Several recent articles have shown that coronavirus can evolve to avoid being recognized by a single monoclonal antibody, a mixture of two antibodies, or even a convalescent serum given to a specific individual.
Fortunately, the body’s immune system as a whole is a much more formidable adversary.
Pfizer-BioNTech and Moderna vaccines induce an immune response only to S protein located on the surface of the coronavirus. However, each infected person produces a wide, unique and complex repertoire of antibodies against this protein.
“Suppose we have a thousand high-caliber weapons targeting the virus,” said Kartik Chandran, a virus expert at the Albert Einstein School of Medicine in New York. “No matter how the virus twists, it’s not so easy to find a genetic solution that can actually fight all these different specificities of antibodies, not to mention the other arms of the immune response.
In short: the coronavirus will be very difficult to get rid of the body’s defenses, despite the many variants it can adopt.
Loss of immunity requires a virus to accumulate a number of mutations, each of which allows the pathogen to erode the body’s defense. Some viruses, such as the flu, accumulate these changes relatively quickly. But others, such as the measles virus, have almost no changes.
Even the flu virus takes five to seven years to collect enough mutations to completely escape immune recognition, Bloom said. His lab released a new report on Friday, December 18, which shows that common cold coronaviruses are also evolving to get rid of the immune system, but this has been happening for many years.

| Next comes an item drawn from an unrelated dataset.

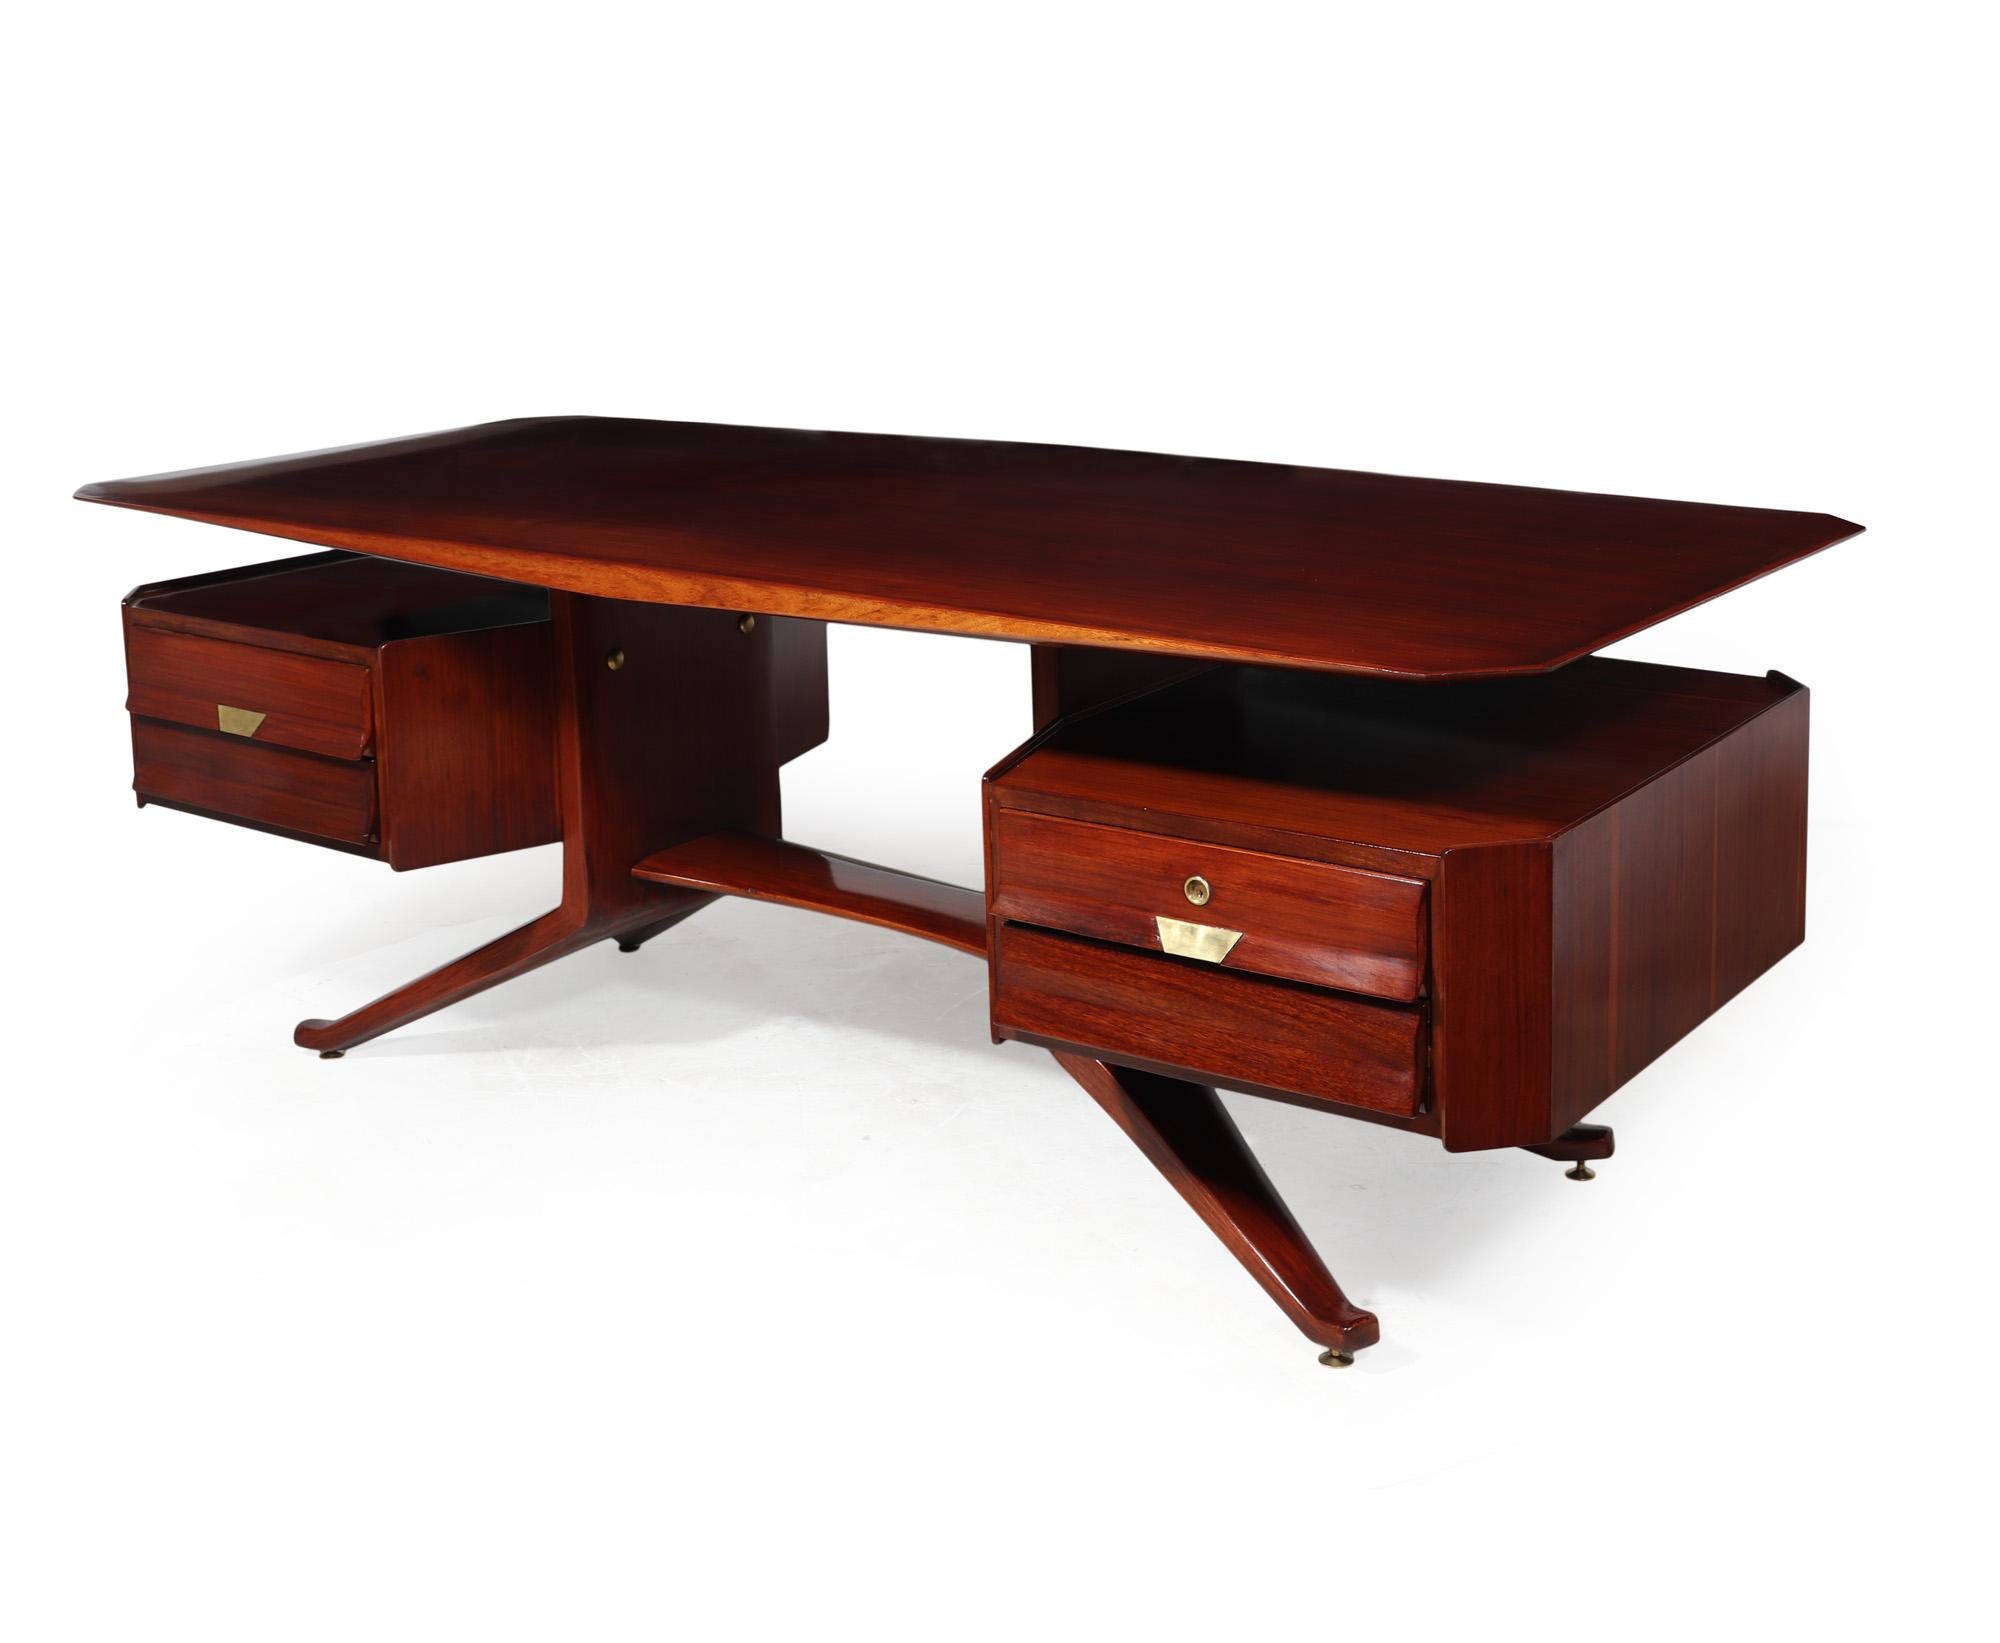 MID CENTURY DESK BY DASSI
This mid-century executive desk, crafted in Italy using cherry wood during the 1960s by Vittorio Dassi, exudes a stunning and timeless design. Featuring a unique floating pedestal with a chamfered top that gives the

The scale of infections in this pandemic can generate rapid diversity in the new coronavirus. However, the vast majority of people around the world have not yet become infected, and this has given scientists hope.
“I would be a little surprised to see active selection for immune escape,” said Emma Hodcroft, a molecular public health researcher at the University of Bern in Switzerland. “The virus doesn’t have to do this yet in a population that hasn’t been largely exposed, but it’s something we want to take care of in the long run, especially when we start vaccinating more people,” he said. .
Immunizing about 60 percent of the population over the course of a year and keeping the number of cases low while it happens will help minimize the chances of the virus moving significantly, Hodcroft said.
However, scientists will need to closely monitor the evolution of the virus to detect mutations that may give it an advantage over vaccines.